演題詳細
Poster
報酬・意思決定
Reward and Decision Making
開催日 | 2014/9/12 |
---|---|
時間 | 14:00 - 15:00 |
会場 | Poster / Exhibition(Event Hall B) |
線条体におけるドーパミン濃度の穏やかな上昇を説明する強化学習モデルの検討
Exploring models of reinforcement learning to explain the ramping DA signal in the striatum
- P2-234
- 加藤 郁佳 / Ayaka Kato:1 森田 賢治 / Kenji Morita:2
- 1:東京大院理生物科学 / Dept Biological Sciences, School of Science, Univ of Tokyo, Tokyo, Japan 2:東京大院・教育・身体教育学 / Physical & Health Educ, Grad Sch of Educ, Univ of Tokyo, Tokyo, Japan
Based on the results of lots of experiments, midbrain dopamine (DA) neurons have been considered to (approximately) compute reward prediction error (RPE) defined in the reinforcement learning theory, which is the difference between reward obtained or expected to be obtained and reward that had been expected to be obtained.
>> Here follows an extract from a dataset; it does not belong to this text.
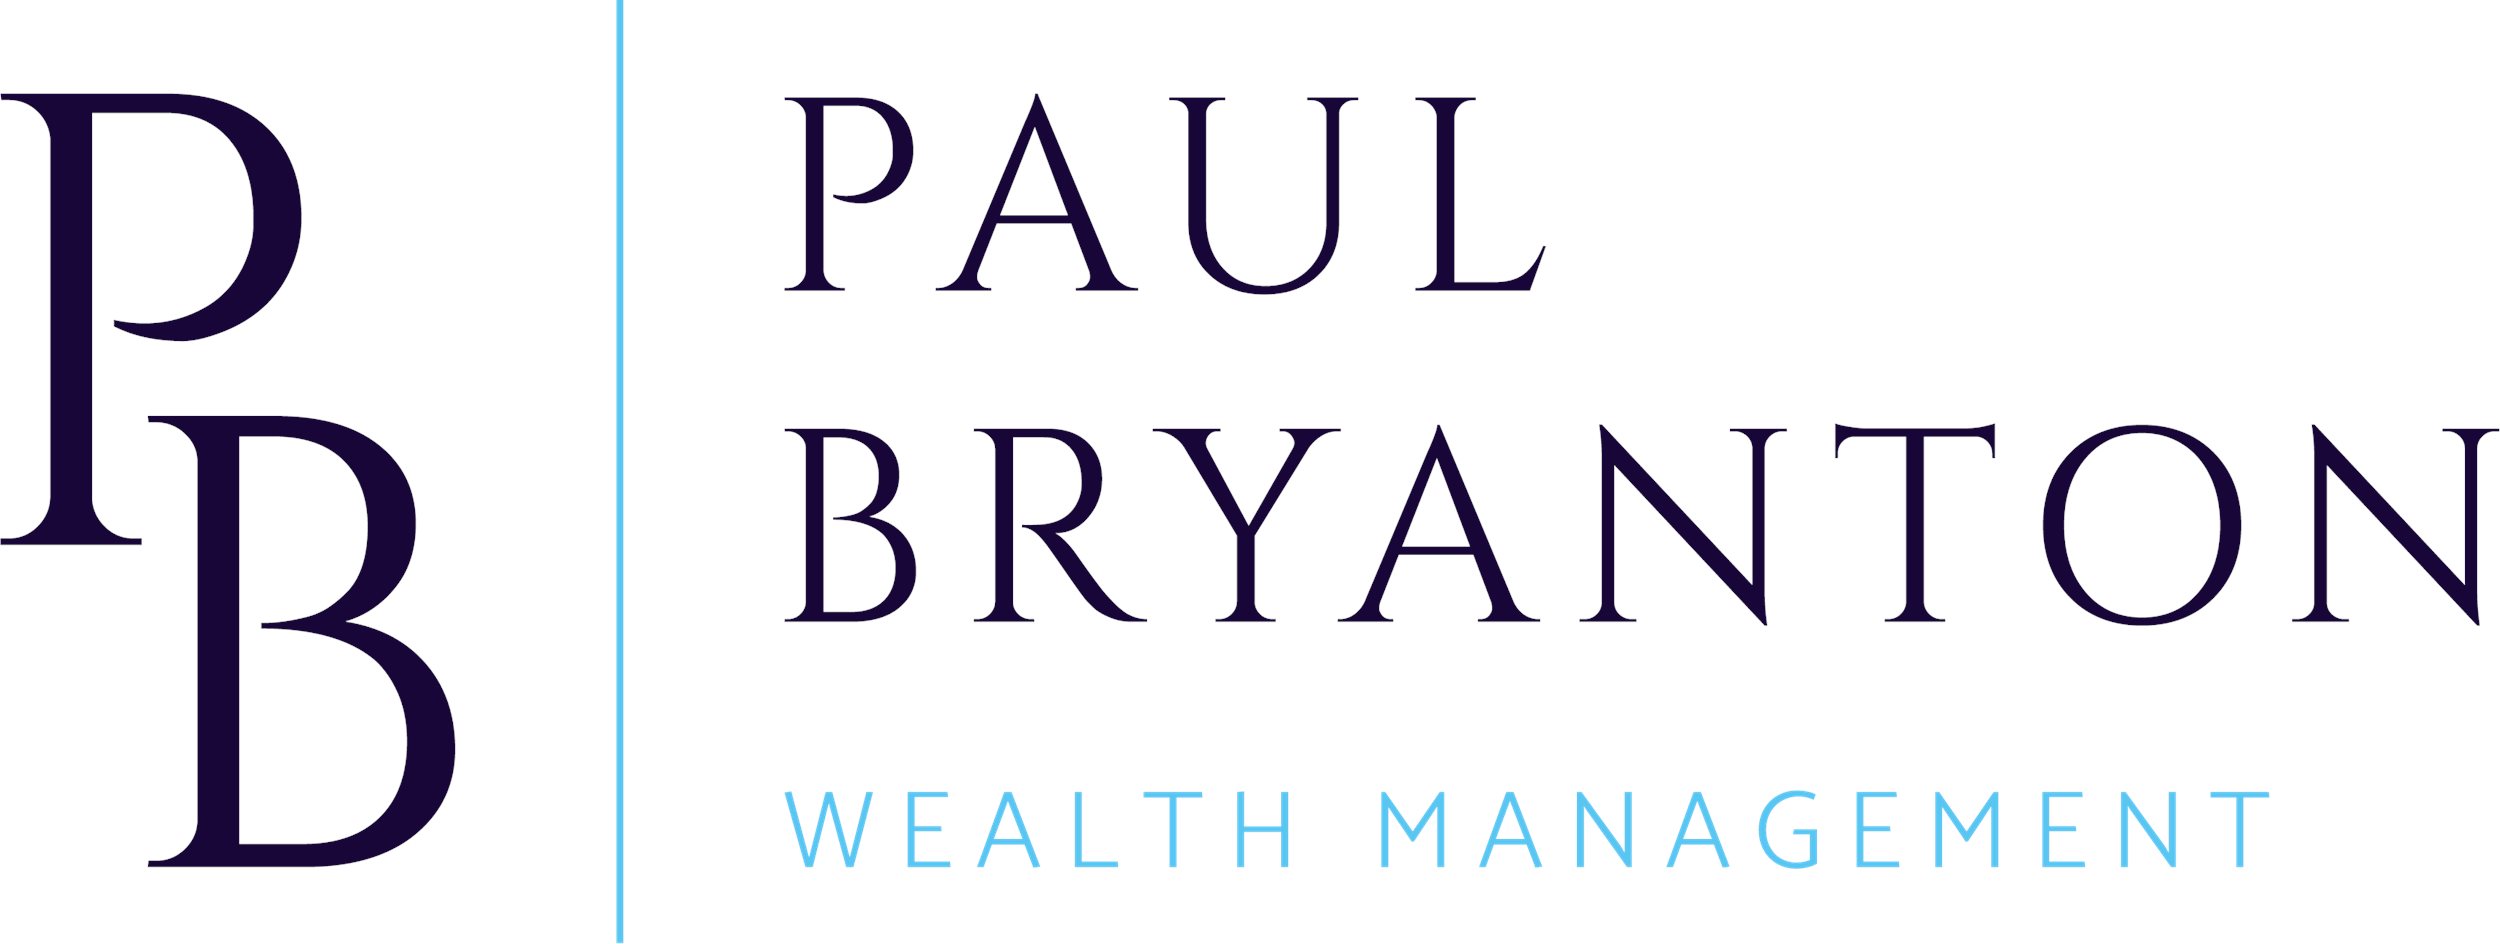 Paul Bryanton Wealth Management

Those reward expectations have been suggested to be stored in the cortico-basal ganglia (corticostriatal) synapses and updated according to RPE through synaptic plasticity, which is induced by released DA. This DA = RPE hypothesis has been widely appreciated in studies on reward learning and value-based decision-making. However, recent work (Howe at el., Nature, 2013) has revealed a new type of DA signal that appears not to represent RPE. Specifically, striatal DA concentration was found to show a gradual increase toward the goal in a maze task, which required rats to move large distances to get reward, and it was suggested that such DA signal may account for persistent motivational state. We explored whether the ramping DA signal could still be in line with the "DA = RPE" hypothesis if the hypothesis is extended by taking into account some biological properties of the relevant neural elements. In particular, we examined effects of possible decay of DA-dependent plastic changes of synaptic strengths, in reference to the neural implementation of reinforcement learning. Through modeling and simulation of reward learning tasks, we found that incorporation of decay prominent in a few trials dramatically changes the model's behavior, causing gradual ramping of RPE (Morita & Kato, Front Neural Circuit, 2014). In terms of functional relevance, given that the baseline DA neuronal activity is not high and encoding of negative RPE by DA can be limited, synaptic decay could instead be used for flexibly reversing and updating the learned reward associations. There are, however, a number of limitations in our simplified model, including the omission of cue stimulus that was presented in the experiments. We will consider how recognition of the cue affected the behavior and DA ramping.